Backup Strategy Options

StrategyFrequencyRPORTOCost
Full Daily1x/day24h4h$$
Incremental Hourly24x/day1h2h$$$
Continuous ReplicationReal-time01min$$$$
Cold Backup (Tape)1x/week7d24h$

3-2-1 Backup Rule

3 Copies:
- Production database (copy 1)
- Hot backup (copy 2)
- Cold backup / archive (copy 3)

2 Storage Types:
- Primary: Database
- Secondary: S3 / Cloud Storage
- Tertiary: Tape Archive

1 Offsite:
- All backups in same region?

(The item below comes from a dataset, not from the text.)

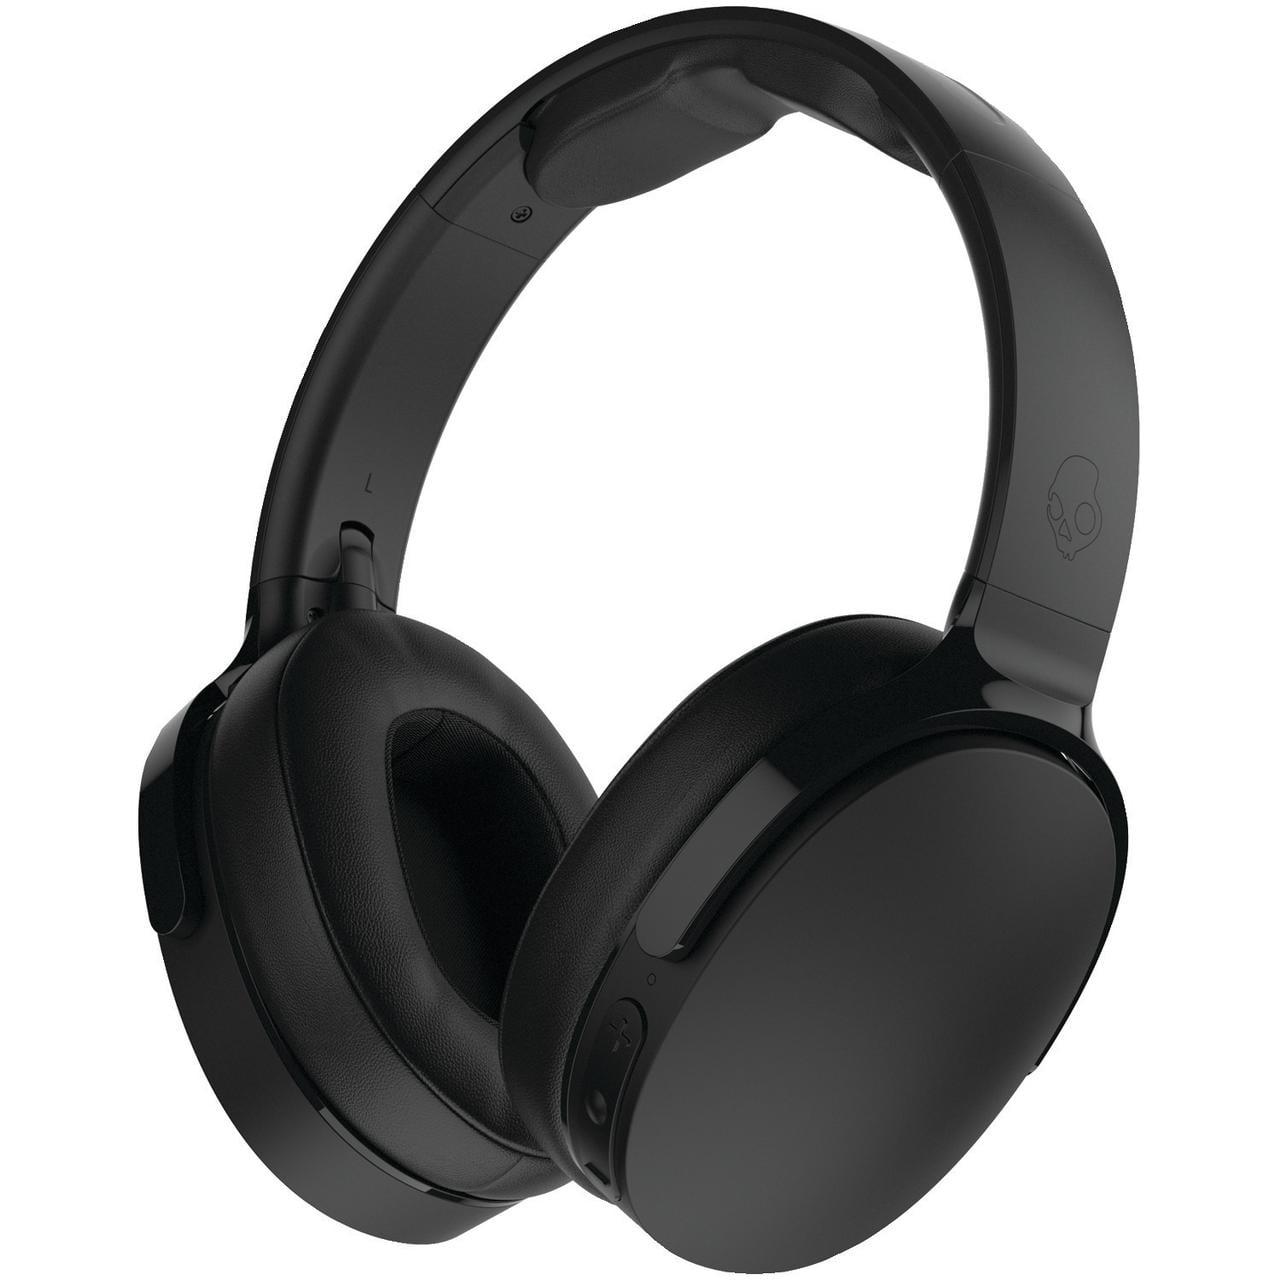 Skullcandy S6HTW-K033 Hesh 3 Bluetooth Over-the-Ear Headphones with Microphone

Not good
- 1 copy in different region (protected from regional disaster)

Implementation

#!/bin/bash
# PostgreSQL backup strategy

# Full backup daily at 2 AM
0 2 * * * /usr/local/bin/backup-full.sh

# Incremental backup (WAL) every hour
0 * * * * /usr/local/bin/backup-wal.sh

# Verification: restore test monthly
0 3 1 * * /usr/local/bin/test-restore.sh

# Upload to S3 (offsite)
30 2 * * * /usr/local/bin/upload-s3.sh

# cleanup.sh - Remove backups older than 30 days
find /backups/postgresql -name "*.backup" -mtime +30 -delete

# backup-full.sh - Full backup
BACKUP_DIR="/backups/postgresql"
TIMESTAMP=$(date +%Y%m%d_%H%M%S)
BACKUP_FILE="$BACKUP_DIR/full_backup_$TIMESTAMP.backup"

pg_basebackup -D $BACKUP_FILE -Ft -z
echo "Full backup completed: $BACKUP_FILE"

# backup-wal.sh - Continuous WAL archiving
pg_wal_dir="/var/lib/postgresql/15/main/pg_wal"
archive_dir="/backups/postgresql/wal_archive"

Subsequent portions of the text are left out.